Les salariés dans l'exercice de leurs fonctions. En principe couverts par le contrat de l'employeur, mais vérifiez le périmètre déclaré — notamment si un collaborateur pratique la réfraction ou la contactologie.

Les apprentis et stagiaires. Leur situation est particulière et se vérifie explicitement plutôt que se suppose.

Les interventions hors magasin. Un collaborateur qui se déplace à domicile ou en établissement, comme décrit dans notre article sur l'équipement des personnes âgées, exerce dans un cadre que le contrat ne couvre pas automatiquement.

Et un point qui n'est pas assurantiel mais qui compte : une équipe doit savoir qu'un incident se signale sans crainte de reproche. Un collaborateur qui dissimule une erreur par peur transforme un dossier gérable en dossier ingérable, parce que le temps perdu est irrattrapable.

Réduire le risque sans se compliquer la vie

Quatre habitudes couvrent l'essentiel, et aucune ne coûte de temps.

Écrire ce qu'on annonce. Prise en charge confirmée ou estimée, limites d'un équipement, conditions de garantie. Sur le devis, pas oralement.

Connaître les signaux d'orientation, toute l'équipe. Dix minutes de mise au point, affichée côté réserve.

Tracer les refus. Un client qui refuse une offre, un contrôle, une orientation : notez-le. C'est exactement ce qui vous défend.

Relire le contrat une fois par an, en même temps que la revue des affichages. Une activité nouvelle non déclarée est le trou le plus fréquent.

Questions fréquentes

Un opticien doit-il être assuré en responsabilité civile professionnelle ?

Les professionnels de santé libéraux sont soumis à une obligation d'assurance, et exercer sans couverture expose le patrimoine personnel. Vérifiez votre situation auprès de votre assureur.

Qu'est-ce que le défaut de conseil ?

Le manquement à l'obligation d'informer et d'orienter — offre non présentée, orientation manquée, limite non annoncée — qui se prouve par l'absence de trace.

Une erreur de correction est-elle couverte ?

Ses conséquences dommageables relèvent en principe de la garantie, sous réserve des exclusions. La reprise de l'équipement relève plutôt du SAV.

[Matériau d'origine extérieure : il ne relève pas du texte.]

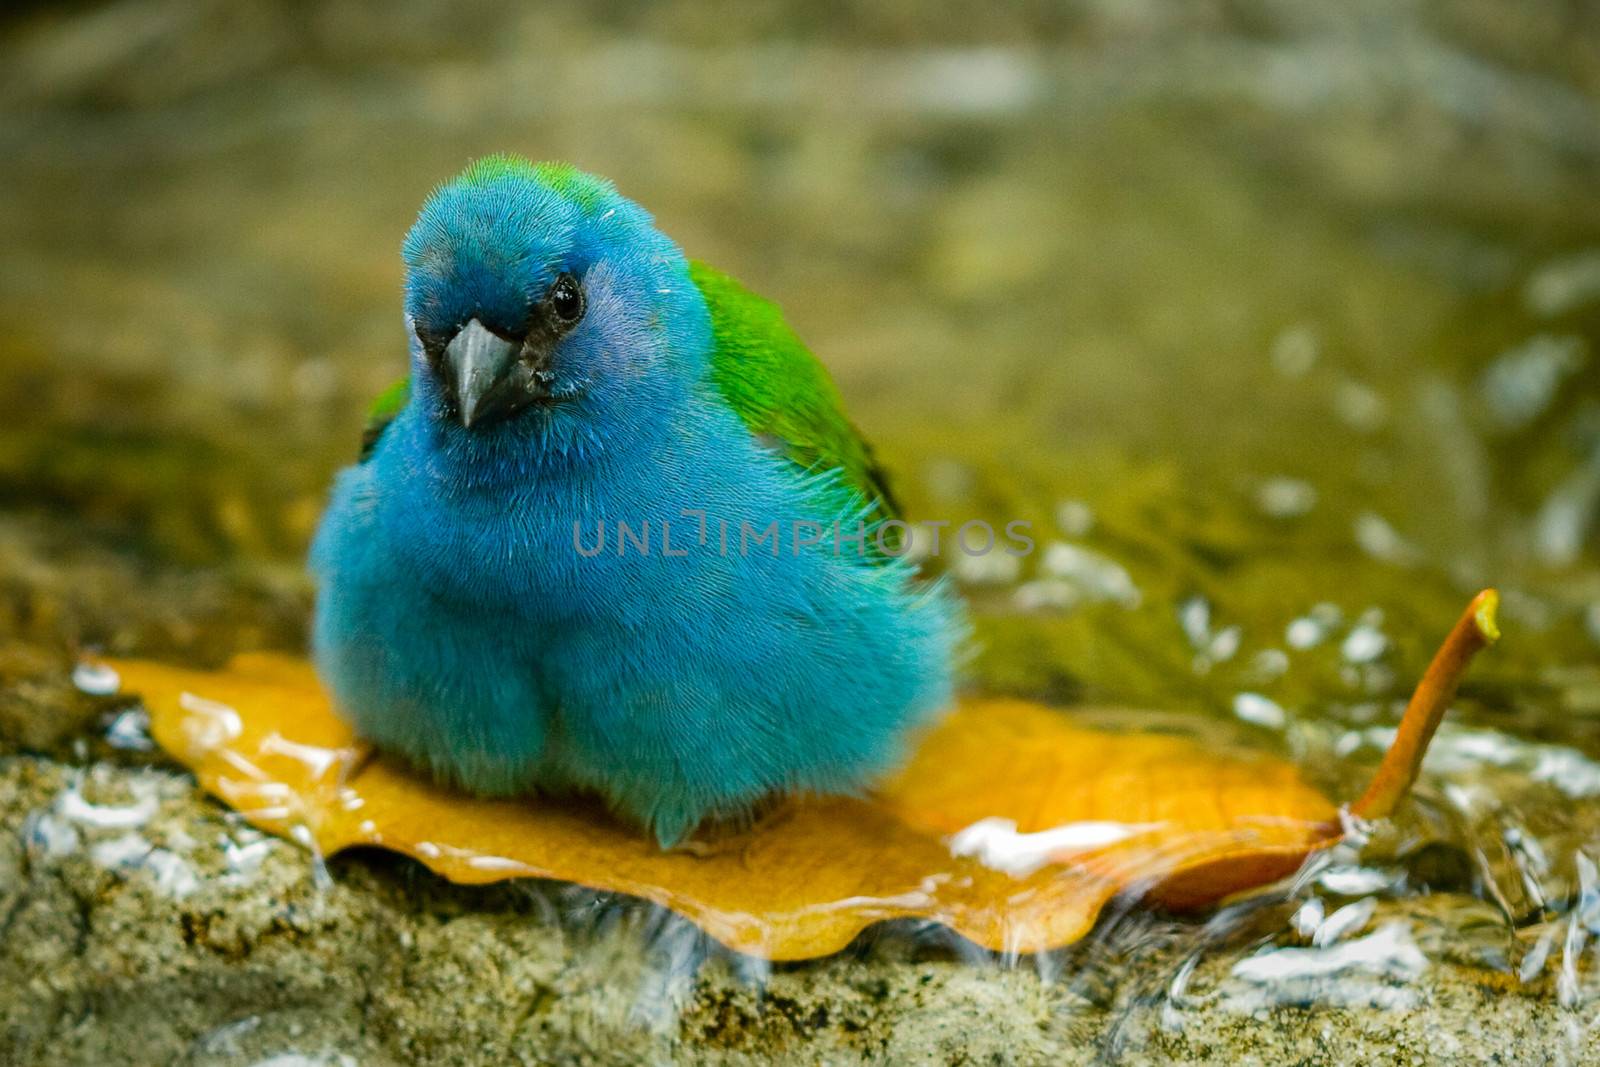 Blue bird taking bath by CelsoDiniz

Que faire immédiatement après un incident ?

S'occuper de la personne, consigner les faits le jour même, conserver les pièces sans les modifier, et déclarer dans le délai du contrat.

Quels points vérifier dans son contrat ?

Activités déclarées, montants et franchises, couverture des collaborateurs, exclusions, prise en charge de la défense, articulation avec les autres contrats, modalités de déclaration.

En résumé

Le risque professionnel d'un opticien n'est pas celui qu'on imagine : le défaut de conseil devance largement l'erreur technique, parce qu'il ne suppose aucune maladresse — seulement une information qu'on ne peut pas prouver avoir donnée. D'où une règle qui vaut toutes les assurances : écrire ce qu'on annonce, sur le devis. Côté contrat, sept questions suffisent à savoir où vous en êtes, et la plus rentable porte sur les activités déclarées, car une activité nouvelle non signalée est le trou le plus fréquent. Enfin, face à un incident, le geste décisif est le deuxième : consigner le jour même, avant que le souvenir ne se reconstruise.